The story follows Koume, a school girl during the Taisho (the word is properly pronounced “Tai-shou” but is more commonly spelled Taisho in English) period. The year is 1925. Japan is rushing to modernize and westernize. It is the “S” movement’s heyday, when early feminist sentiment was starting to filter through Japan on the wings of magazines for girls and women.
Koume’s dear friend Akiko asks her to form a baseball team in response to a sexist sentiment from Akiko’s baseball-playing fiancée. Girls, he says confidently, really don’t even need to go to school, because they will just stay home and raise children and run the household. Akiko decides to form a baseball team and challenge his worldview. And so, Koume and Akiko start looking for more players.
The feminism is portrayed in a genuine, real and totally intelligent way in this anime. Nothing cringe-making about it at all. And the sentiment isn’t lost in the moe. It comes back again and again to remind us that it’s just ridiculous to see woman as inherently inferior.

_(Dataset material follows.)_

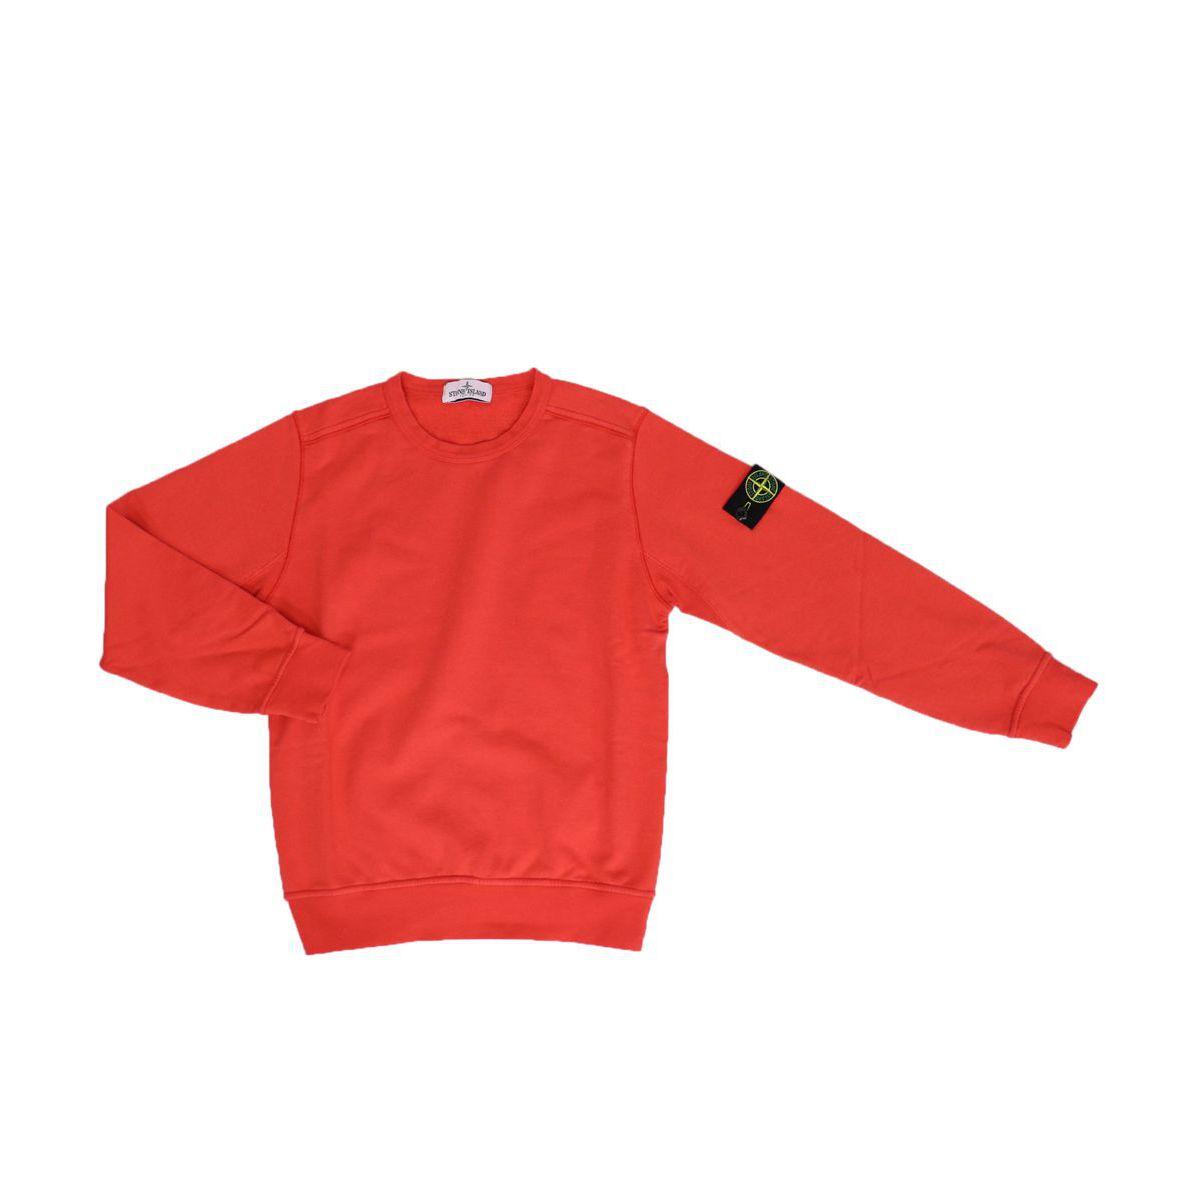 Crewneck cotton sweatshirt with logo patch Coral STONE ISLAND JUNIOR

I don’t mind sports manga and anime, although the typical patterns sometimes get up my nostrils. The tropes work *really* well here, so the trials they have in learning the game, working together as a team, finding an opponent and dealing with each new obstacle is, simply, good entertainment.

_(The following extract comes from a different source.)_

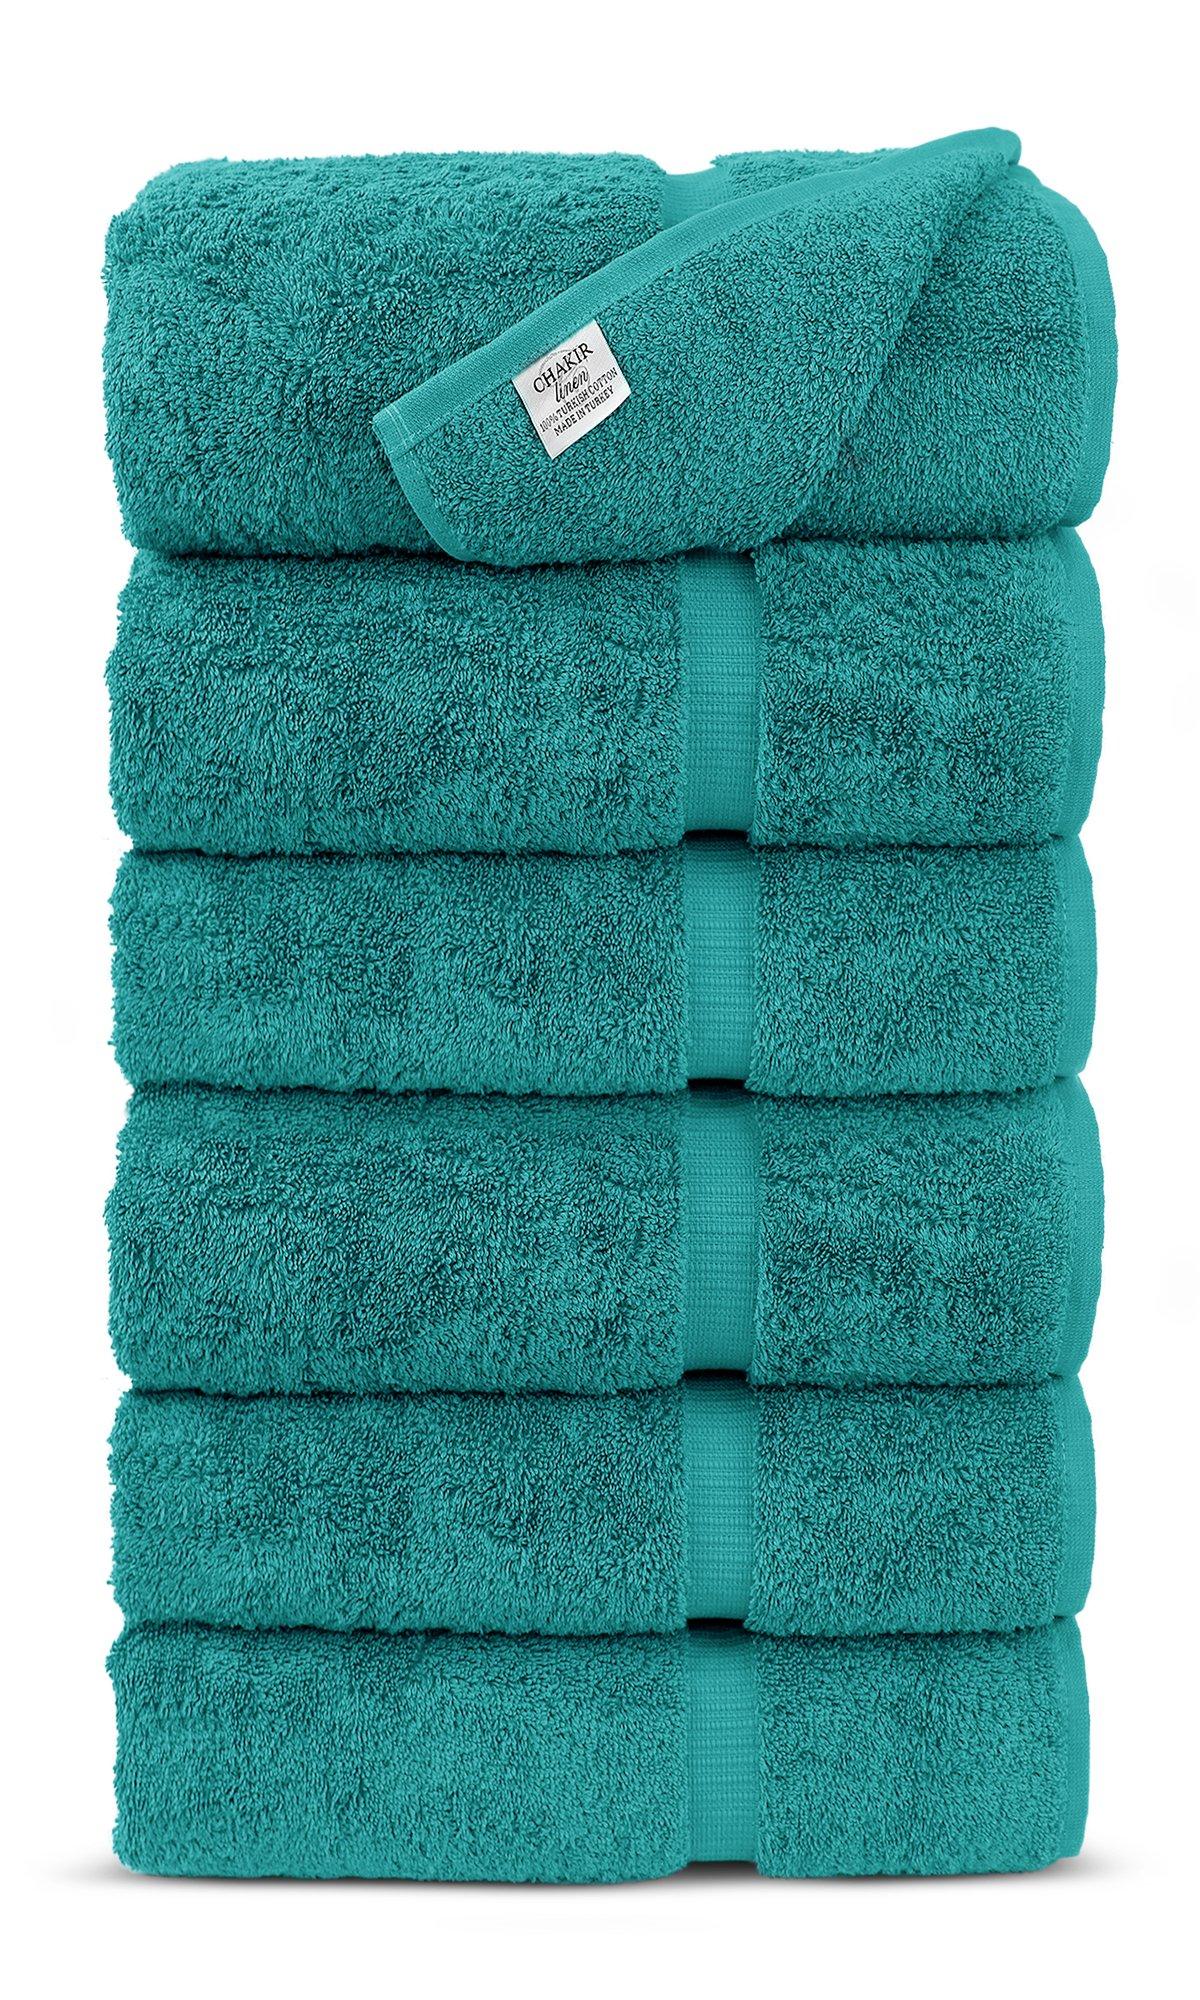 Luxury Premium long-stable Hotel & Spa Turkish Cotton 6-Piece Eco-Friendly Hand Towel Set (Aqua)

There is exceedingly mild Yuri akogare (admiration/desire, crushiness) because it is a girls school. Hunky, sis-con Tomoe has a pair of uber-dedicated fans, one of whom stays on the team when Tomoe (coached by Koume) embraces her and tells her she can’t do it without her. Kyouko never had a chance. ^_^
At the beginning of the series, Koume clearly akogares Akiko and, as catcher and pitcher they are told to become like husband and wife. I couldn’t call it closer than shinyuu, best friends, but they are fun to play with. ^_^
The voice cast has some notable “Six Degrees of Yuri” names, including a passel o’ Marimite voices.
But beyond all that, what makes this story work is the story. It’s a *good* story. Yes, I can see some of the issues coming from a mile off, but each episode makes me smile, makes me laugh out loud, makes me sniffle a bit sometimes, and is a rattlin’ good yarn. It makes me remember why I used to love baseball, when it was a sport and not an industry full of over-paid whiny brats. I would not hesitate for a second to show this anime thus far, at least, to anyone of any age.
If you haven’t yet given Taisho Yakyuu Musume a try because you’re hesitant to see moe-ified girls playing baseball, do try it. If you hate sports and sports anime, avoid it. It’s *about* baseball. In my opinion, it is an enjoyable combination of girls, baseball and Japanese history…all at once.
Ratings:
Art – 7 Still too moe for my taste, how I would love a live-action of this series
Story – 8
Characters – 9 My favorite is Kawashima, the de facto team manager
Yuri – 1
Service – 1
Overall – 8
Like A League of Their Own, the ensemble is half the fun and the story the other half, for a total good time.